I don't think it's obvious that 1(x,y,z) is not (x,y,z). Can you clarify this? (i.e. actually substitute c with 1...)

You're right, I missed it.

Substituting in c=1, you will get the same vector.

I believe this fails axiom 4, the additive identity.

(1,2,3) + (0,0,0) = (2,3,4)

Please correct me if I am wrong.

 

[micromass]

Yes, but that only proves that (0,0,0) isn't the additive identity. But there may be other vectors which do satisfy the additive identity law. In fact, there is one such vector in this case...

 

[trojansc82]

Yes, but that only proves that (0,0,0) isn't the additive identity. But there may be other vectors which do satisfy the additive identity law. In fact, there is one such vector in this case...

Any hints as to which axiom it would fail?

I'm having a hard time discerning which axiom it would fail.

I tested Axiom 7, and it does not work.

c(u + v) = cu + cv

c(u + v) = 6[(1,2,3) + (3,2,1)] = (30,30,30)

cu + cv = (34,34,34)

 

[micromass]

Sadly enough, you need to check every 10 of the axioms to decide whether it's a vector space. It's a bit tedious, but it must be done...

And, who knows, maybe none of the axioms fail and it is a vector space

 

[trojansc82]

Sadly enough, you need to check every 10 of the axioms to decide whether it's a vector space. It's a bit tedious, but it must be done...

And, who knows, maybe none of the axioms fail and it is a vector space

Check my previous post. Looks like it fails axiom 7.

 

[micromass]

Any hints as to which axiom it would fail?

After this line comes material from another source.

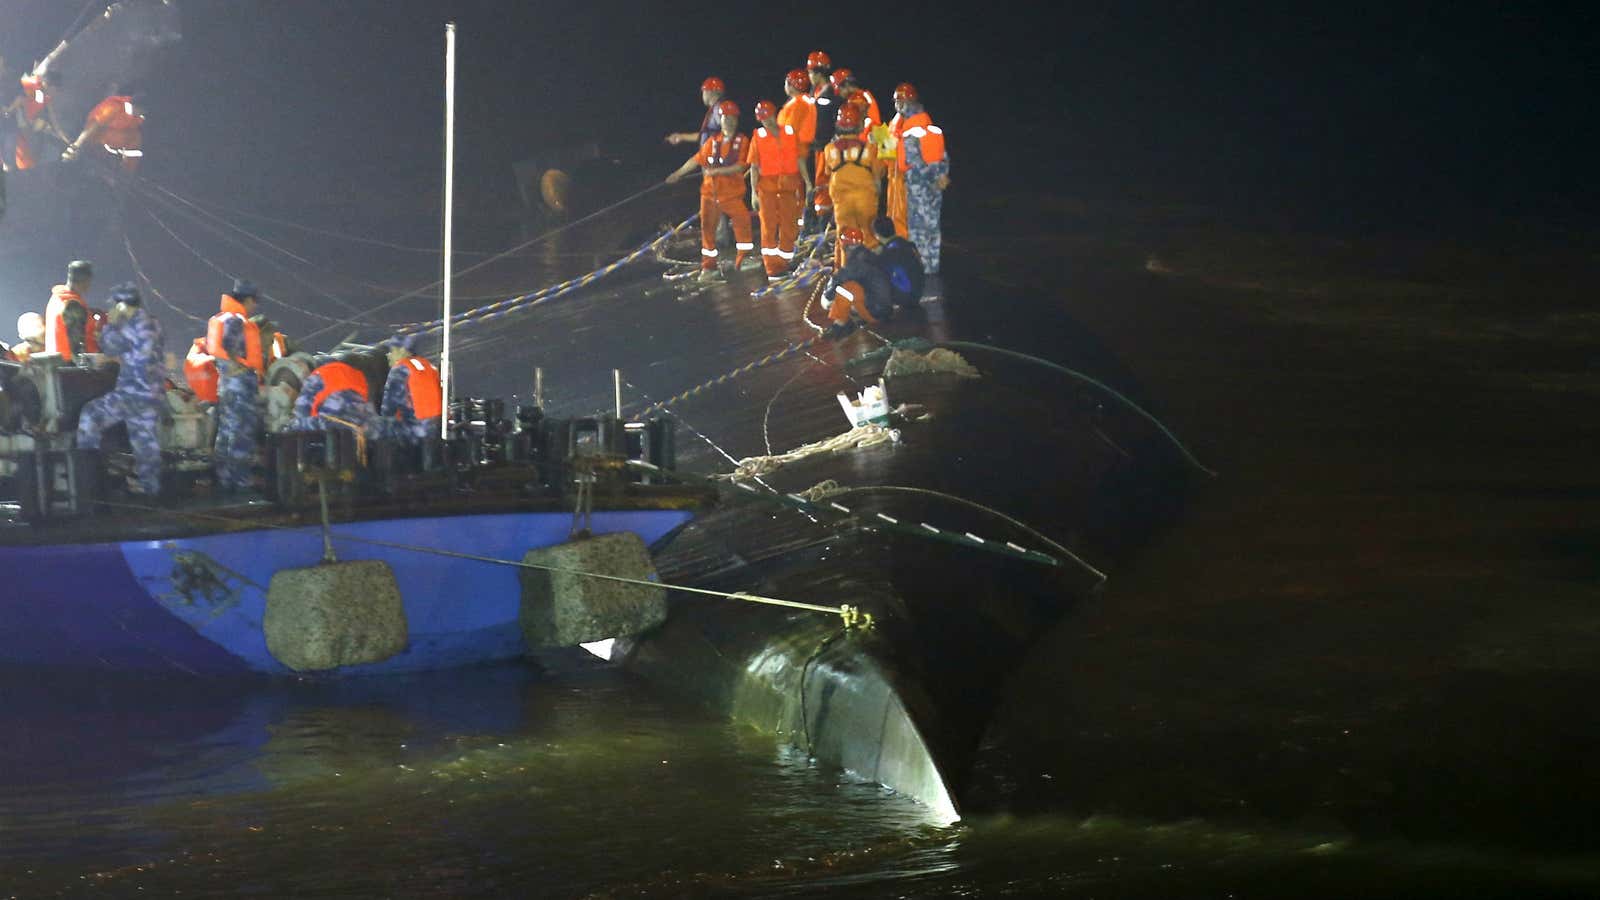 Rescue workers atop the sunken ship in the Yangtze River.

I'm having a hard time discerning which axiom it would fail.

I tested Axiom 7, and it does not work.

c(u + v) = cu + cv

c(u + v) = 6[(1,2,3) + (3,2,1)] = (30,30,30)

cu + cv = (34,34,34)

Hmm, I calculated it myself, and I seem to get a different answer than you. So perhaps I miscalculated it, can you show your steps to be sure?

But my answer also failed axiom 7, so I do think that axiom 7 is likely to fail!